SUPPLIED RECORDS:

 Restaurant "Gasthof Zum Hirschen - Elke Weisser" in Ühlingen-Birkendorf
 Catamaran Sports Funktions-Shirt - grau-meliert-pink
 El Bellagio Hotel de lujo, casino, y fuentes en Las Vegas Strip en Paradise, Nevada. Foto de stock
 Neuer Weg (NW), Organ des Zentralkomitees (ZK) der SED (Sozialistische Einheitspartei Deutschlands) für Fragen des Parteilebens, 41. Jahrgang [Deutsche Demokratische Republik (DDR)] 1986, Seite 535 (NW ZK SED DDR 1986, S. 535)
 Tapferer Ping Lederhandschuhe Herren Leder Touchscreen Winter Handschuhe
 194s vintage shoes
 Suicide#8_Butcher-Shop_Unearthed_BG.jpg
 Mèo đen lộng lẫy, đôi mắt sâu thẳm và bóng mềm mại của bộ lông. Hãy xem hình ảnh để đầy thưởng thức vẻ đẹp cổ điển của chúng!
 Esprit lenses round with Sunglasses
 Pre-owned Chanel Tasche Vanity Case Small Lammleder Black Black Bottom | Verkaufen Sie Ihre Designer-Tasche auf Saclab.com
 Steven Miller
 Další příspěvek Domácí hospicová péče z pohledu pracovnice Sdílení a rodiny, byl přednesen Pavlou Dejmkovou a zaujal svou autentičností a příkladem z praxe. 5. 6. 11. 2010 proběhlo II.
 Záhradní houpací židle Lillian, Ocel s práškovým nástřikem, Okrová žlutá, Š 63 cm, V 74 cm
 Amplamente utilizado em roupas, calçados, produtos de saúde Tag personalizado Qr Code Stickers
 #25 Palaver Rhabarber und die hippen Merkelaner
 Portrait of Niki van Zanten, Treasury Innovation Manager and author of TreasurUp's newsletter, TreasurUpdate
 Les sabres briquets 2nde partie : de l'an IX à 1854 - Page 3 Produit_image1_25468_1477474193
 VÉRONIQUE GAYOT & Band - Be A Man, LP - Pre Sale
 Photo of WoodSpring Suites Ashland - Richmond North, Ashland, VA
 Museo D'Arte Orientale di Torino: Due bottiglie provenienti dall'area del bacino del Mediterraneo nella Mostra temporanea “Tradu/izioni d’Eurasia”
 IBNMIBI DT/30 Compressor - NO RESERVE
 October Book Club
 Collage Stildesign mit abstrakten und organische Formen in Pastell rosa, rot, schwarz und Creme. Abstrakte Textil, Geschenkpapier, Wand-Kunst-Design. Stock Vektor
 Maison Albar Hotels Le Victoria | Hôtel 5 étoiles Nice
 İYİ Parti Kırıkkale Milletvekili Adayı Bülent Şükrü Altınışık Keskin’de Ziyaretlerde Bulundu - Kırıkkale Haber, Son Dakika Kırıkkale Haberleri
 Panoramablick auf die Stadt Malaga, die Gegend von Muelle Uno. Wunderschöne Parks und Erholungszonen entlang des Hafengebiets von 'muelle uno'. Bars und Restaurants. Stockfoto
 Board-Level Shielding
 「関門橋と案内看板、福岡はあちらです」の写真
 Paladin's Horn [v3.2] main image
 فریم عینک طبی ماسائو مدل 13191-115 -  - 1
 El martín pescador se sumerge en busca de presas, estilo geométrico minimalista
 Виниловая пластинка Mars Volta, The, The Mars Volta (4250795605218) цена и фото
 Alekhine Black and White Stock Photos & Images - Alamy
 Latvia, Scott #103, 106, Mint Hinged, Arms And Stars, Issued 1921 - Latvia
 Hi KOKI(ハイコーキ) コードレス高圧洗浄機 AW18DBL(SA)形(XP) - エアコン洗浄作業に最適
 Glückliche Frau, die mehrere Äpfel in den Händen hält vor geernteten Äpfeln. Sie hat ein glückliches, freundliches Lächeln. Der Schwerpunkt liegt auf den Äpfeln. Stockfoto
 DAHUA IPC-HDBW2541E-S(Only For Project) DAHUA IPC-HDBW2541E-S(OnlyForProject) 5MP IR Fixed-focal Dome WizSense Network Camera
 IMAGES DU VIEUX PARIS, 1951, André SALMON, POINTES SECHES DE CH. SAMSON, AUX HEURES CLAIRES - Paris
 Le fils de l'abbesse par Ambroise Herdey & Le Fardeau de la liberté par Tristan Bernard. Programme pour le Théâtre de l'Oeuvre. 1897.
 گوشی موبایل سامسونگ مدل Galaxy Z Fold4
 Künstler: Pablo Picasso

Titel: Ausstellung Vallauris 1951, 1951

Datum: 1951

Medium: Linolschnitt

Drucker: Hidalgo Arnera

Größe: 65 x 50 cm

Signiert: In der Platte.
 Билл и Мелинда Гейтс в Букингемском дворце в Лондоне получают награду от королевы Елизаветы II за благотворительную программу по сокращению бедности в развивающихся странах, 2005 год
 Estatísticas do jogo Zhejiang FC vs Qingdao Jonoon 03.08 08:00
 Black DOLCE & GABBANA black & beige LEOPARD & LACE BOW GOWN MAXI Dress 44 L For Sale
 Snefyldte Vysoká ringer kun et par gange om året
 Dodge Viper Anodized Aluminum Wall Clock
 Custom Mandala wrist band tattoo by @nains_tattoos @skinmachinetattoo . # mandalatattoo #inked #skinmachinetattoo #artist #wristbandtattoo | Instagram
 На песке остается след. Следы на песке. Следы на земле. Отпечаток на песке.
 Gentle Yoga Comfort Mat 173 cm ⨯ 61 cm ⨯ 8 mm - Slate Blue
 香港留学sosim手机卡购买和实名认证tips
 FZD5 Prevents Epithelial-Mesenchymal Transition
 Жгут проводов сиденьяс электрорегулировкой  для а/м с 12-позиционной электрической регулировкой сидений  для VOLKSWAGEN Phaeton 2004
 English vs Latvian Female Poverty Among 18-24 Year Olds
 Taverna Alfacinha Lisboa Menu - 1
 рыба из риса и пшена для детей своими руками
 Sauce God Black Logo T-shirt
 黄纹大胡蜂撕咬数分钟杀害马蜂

INSTRUCTIONS FOR THE TASK: Set out every record in full, exactly as given.

EXPECTED ANSWER:
 Restaurant "Gasthof Zum Hirschen - Elke Weisser" in Ühlingen-Birkendorf
 Catamaran Sports Funktions-Shirt - grau-meliert-pink
 El Bellagio Hotel de lujo, casino, y fuentes en Las Vegas Strip en Paradise, Nevada. Foto de stock
 Neuer Weg (NW), Organ des Zentralkomitees (ZK) der SED (Sozialistische Einheitspartei Deutschlands) für Fragen des Parteilebens, 41. Jahrgang [Deutsche Demokratische Republik (DDR)] 1986, Seite 535 (NW ZK SED DDR 1986, S. 535)
 Tapferer Ping Lederhandschuhe Herren Leder Touchscreen Winter Handschuhe
 194s vintage shoes
 Suicide#8_Butcher-Shop_Unearthed_BG.jpg
 Mèo đen lộng lẫy, đôi mắt sâu thẳm và bóng mềm mại của bộ lông. Hãy xem hình ảnh để đầy thưởng thức vẻ đẹp cổ điển của chúng!
 Esprit lenses round with Sunglasses
 Pre-owned Chanel Tasche Vanity Case Small Lammleder Black Black Bottom | Verkaufen Sie Ihre Designer-Tasche auf Saclab.com
 Steven Miller
 Další příspěvek Domácí hospicová péče z pohledu pracovnice Sdílení a rodiny, byl přednesen Pavlou Dejmkovou a zaujal svou autentičností a příkladem z praxe. 5. 6. 11. 2010 proběhlo II.
 Záhradní houpací židle Lillian, Ocel s práškovým nástřikem, Okrová žlutá, Š 63 cm, V 74 cm
 Amplamente utilizado em roupas, calçados, produtos de saúde Tag personalizado Qr Code Stickers
 #25 Palaver Rhabarber und die hippen Merkelaner
 Portrait of Niki van Zanten, Treasury Innovation Manager and author of TreasurUp's newsletter, TreasurUpdate
 Les sabres briquets 2nde partie : de l'an IX à 1854 - Page 3 Produit_image1_25468_1477474193
 VÉRONIQUE GAYOT & Band - Be A Man, LP - Pre Sale
 Photo of WoodSpring Suites Ashland - Richmond North, Ashland, VA
 Museo D'Arte Orientale di Torino: Due bottiglie provenienti dall'area del bacino del Mediterraneo nella Mostra temporanea “Tradu/izioni d’Eurasia”
 IBNMIBI DT/30 Compressor - NO RESERVE
 October Book Club
 Collage Stildesign mit abstrakten und organische Formen in Pastell rosa, rot, schwarz und Creme. Abstrakte Textil, Geschenkpapier, Wand-Kunst-Design. Stock Vektor
 Maison Albar Hotels Le Victoria | Hôtel 5 étoiles Nice
 İYİ Parti Kırıkkale Milletvekili Adayı Bülent Şükrü Altınışık Keskin’de Ziyaretlerde Bulundu - Kırıkkale Haber, Son Dakika Kırıkkale Haberleri
 Panoramablick auf die Stadt Malaga, die Gegend von Muelle Uno. Wunderschöne Parks und Erholungszonen entlang des Hafengebiets von 'muelle uno'. Bars und Restaurants. Stockfoto
 Board-Level Shielding
 「関門橋と案内看板、福岡はあちらです」の写真
 Paladin's Horn [v3.2] main image
 فریم عینک طبی ماسائو مدل 13191-115 -  - 1
 El martín pescador se sumerge en busca de presas, estilo geométrico minimalista
 Виниловая пластинка Mars Volta, The, The Mars Volta (4250795605218) цена и фото
 Alekhine Black and White Stock Photos & Images - Alamy
 Latvia, Scott #103, 106, Mint Hinged, Arms And Stars, Issued 1921 - Latvia
 Hi KOKI(ハイコーキ) コードレス高圧洗浄機 AW18DBL(SA)形(XP) - エアコン洗浄作業に最適
 Glückliche Frau, die mehrere Äpfel in den Händen hält vor geernteten Äpfeln. Sie hat ein glückliches, freundliches Lächeln. Der Schwerpunkt liegt auf den Äpfeln. Stockfoto
 DAHUA IPC-HDBW2541E-S(Only For Project) DAHUA IPC-HDBW2541E-S(OnlyForProject) 5MP IR Fixed-focal Dome WizSense Network Camera
 IMAGES DU VIEUX PARIS, 1951, André SALMON, POINTES SECHES DE CH. SAMSON, AUX HEURES CLAIRES - Paris
 Le fils de l'abbesse par Ambroise Herdey & Le Fardeau de la liberté par Tristan Bernard. Programme pour le Théâtre de l'Oeuvre. 1897.
 گوشی موبایل سامسونگ مدل Galaxy Z Fold4
 Künstler: Pablo Picasso

Titel: Ausstellung Vallauris 1951, 1951

Datum: 1951

Medium: Linolschnitt

Drucker: Hidalgo Arnera

Größe: 65 x 50 cm

Signiert: In der Platte.
 Билл и Мелинда Гейтс в Букингемском дворце в Лондоне получают награду от королевы Елизаветы II за благотворительную программу по сокращению бедности в развивающихся странах, 2005 год
 Estatísticas do jogo Zhejiang FC vs Qingdao Jonoon 03.08 08:00
 Black DOLCE & GABBANA black & beige LEOPARD & LACE BOW GOWN MAXI Dress 44 L For Sale
 Snefyldte Vysoká ringer kun et par gange om året
 Dodge Viper Anodized Aluminum Wall Clock
 Custom Mandala wrist band tattoo by @nains_tattoos @skinmachinetattoo . # mandalatattoo #inked #skinmachinetattoo #artist #wristbandtattoo | Instagram
 На песке остается след. Следы на песке. Следы на земле. Отпечаток на песке.
 Gentle Yoga Comfort Mat 173 cm ⨯ 61 cm ⨯ 8 mm - Slate Blue
 香港留学sosim手机卡购买和实名认证tips
 FZD5 Prevents Epithelial-Mesenchymal Transition
 Жгут проводов сиденьяс электрорегулировкой  для а/м с 12-позиционной электрической регулировкой сидений  для VOLKSWAGEN Phaeton 2004
 English vs Latvian Female Poverty Among 18-24 Year Olds
 Taverna Alfacinha Lisboa Menu - 1
 рыба из риса и пшена для детей своими руками
 Sauce God Black Logo T-shirt
 黄纹大胡蜂撕咬数分钟杀害马蜂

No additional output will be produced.